Klaus Tschabitzer: Eben, genau. Wir haben außer einer Holzbox, auf die ich mit dem Fuß trete, keine Perkussion. Und mit der Ukulele kann man einen sehr guten Grundrhythmus machen. So haben wir begonnen, uns einfache Swing-Sachen anzueignen und zweistimmig zu singen, das interessiert mich auch sehr.

Warum wollten Sie Bluegrass als Richtung einbringen und warum haben Sie sich für dieses Genre interessiert?

Klaus Tschabitzer: Dazu gibt es zwei Aspekte: Ich tue mir extrem schwer mit österreichischer Volksmusik. Ich habe es zwar immer wieder probiert, aber keinen Zugang gefunden. Über die Kulturgeschichte des Rock ’n’ Roll bin ich auf Country, Bluegrass und alte Folksongs gekommen. In Wahrheit ist das mein einziger Zugang zu einer Art von Volksmusik, die mich extrem berührt.
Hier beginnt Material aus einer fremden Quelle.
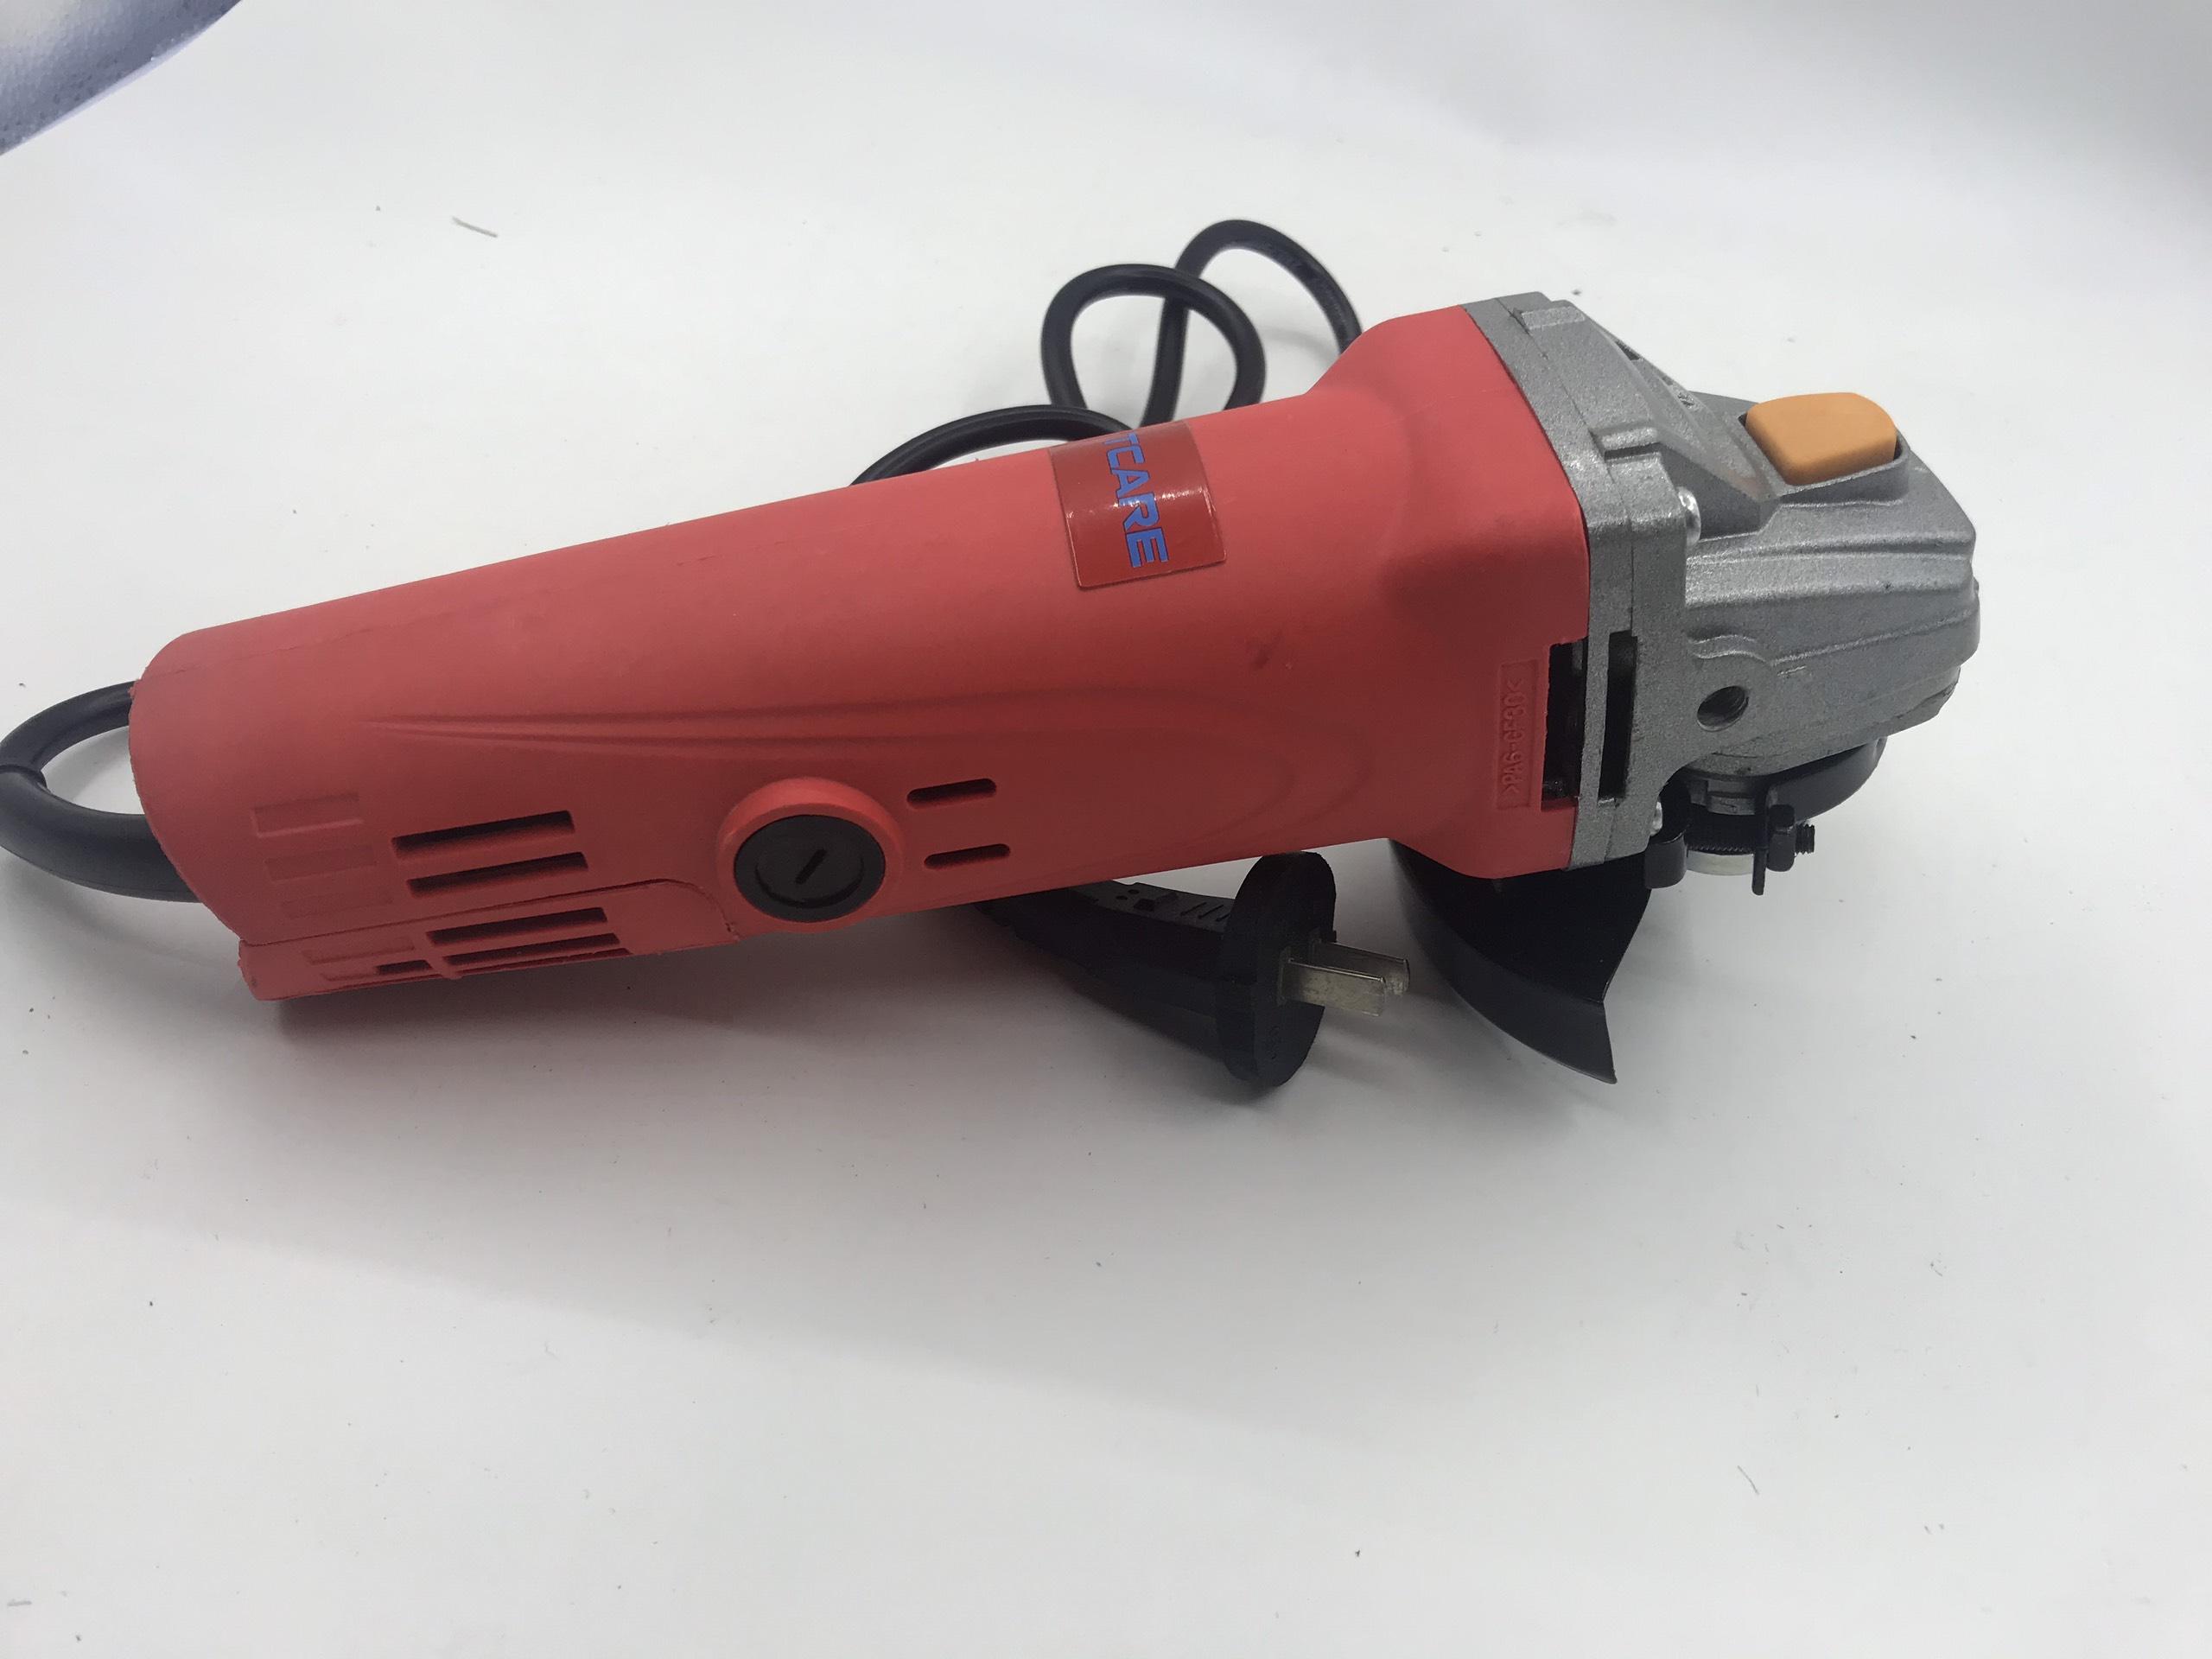 Máy cắt mài cầm tay Tcare - Màu đỏ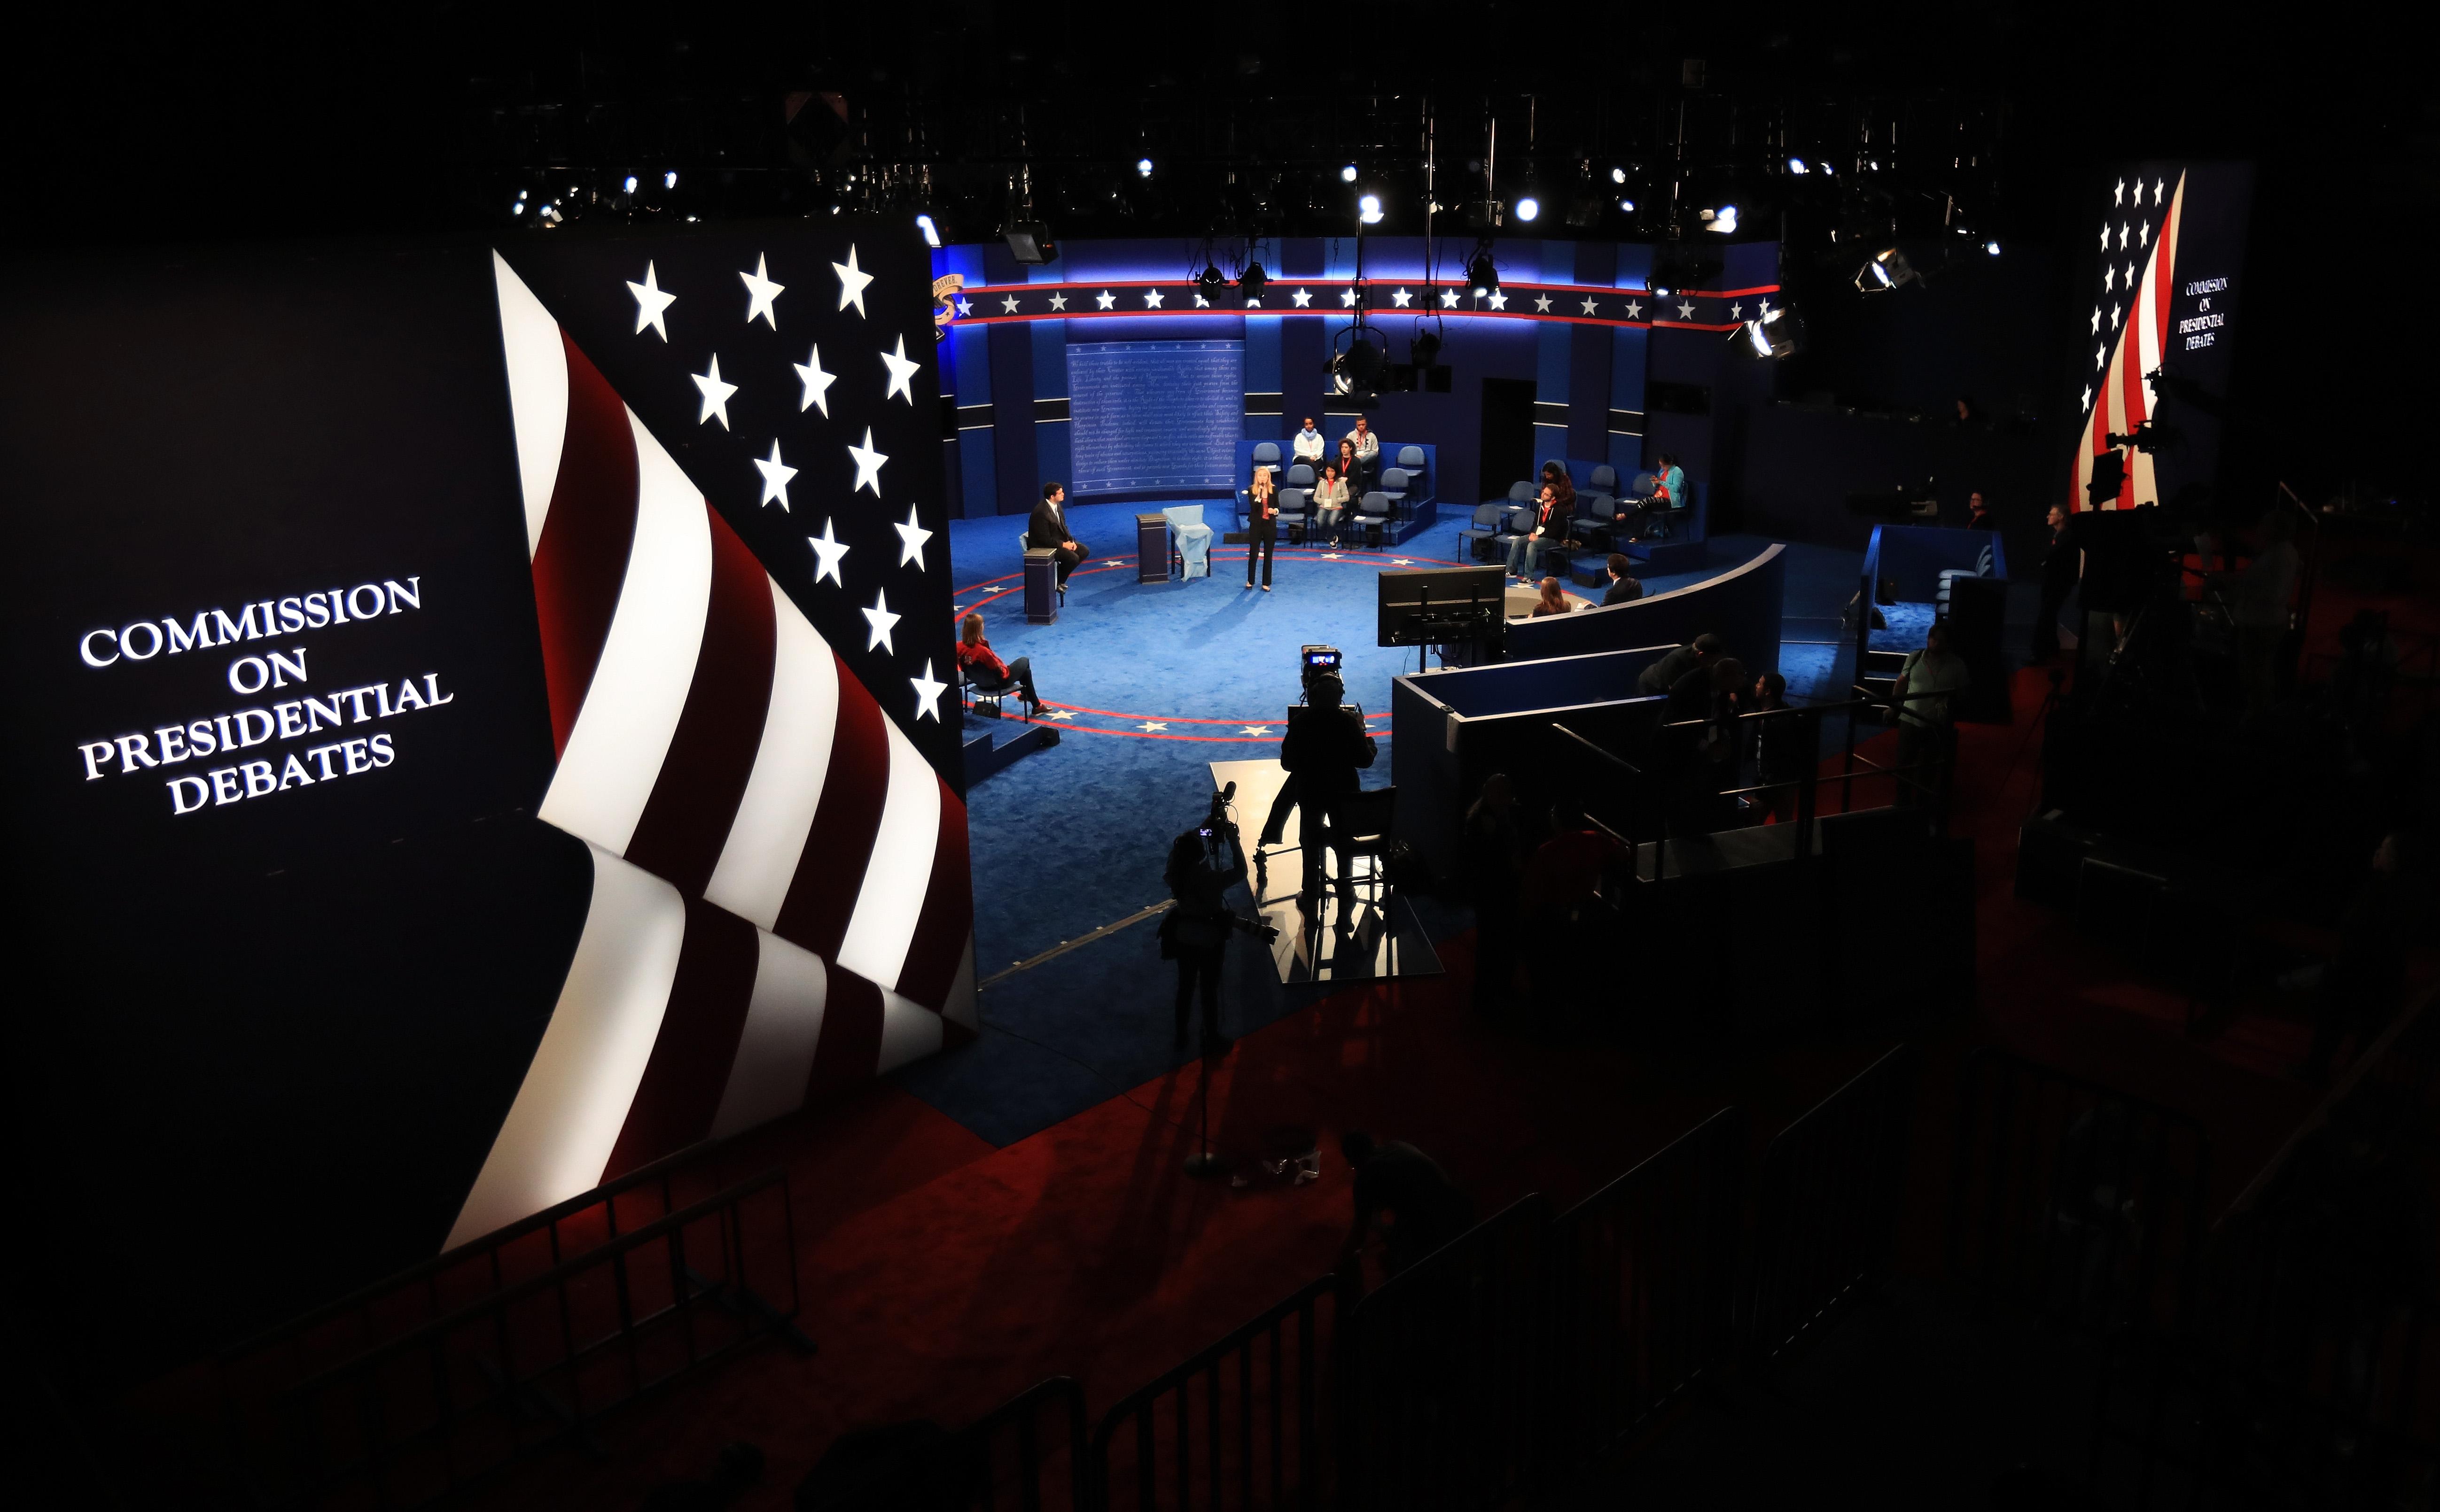 St. Louis Prepares For Second Presidential Debate

Sie ist formal einfach, mit akustischen Instrumenten gespielt und trifft mich mitten ins Herz. Da ich in letzter Zeit viel Dobro und Banjo gespielt habe, ist das auch bei Hirsch Fisch präsent.

In Bezug auf Volksmusik habe ich bei einem ganz neuen Stück Ihrer CD, und zwar bei „Herr Melancholie“, an das Wienerlied gedacht. Ist das ein Anknüpfungspunkt für Sie?

Norbert Trummer: Das passiert nicht so bewusst. Es kommt vielleicht daher, dass man mit im weitesten Sinn österreichischen Dialekt aufgewachsen ist, den man auch spricht und in dem man sich gut ausdrücken kann. Deswegen sind die Texte in dieser Sprache gehalten. Ich interessiere mich auch mehr für Blues, Cajun und Bluegrass. Der Einfluss kommt dann eher von dort. 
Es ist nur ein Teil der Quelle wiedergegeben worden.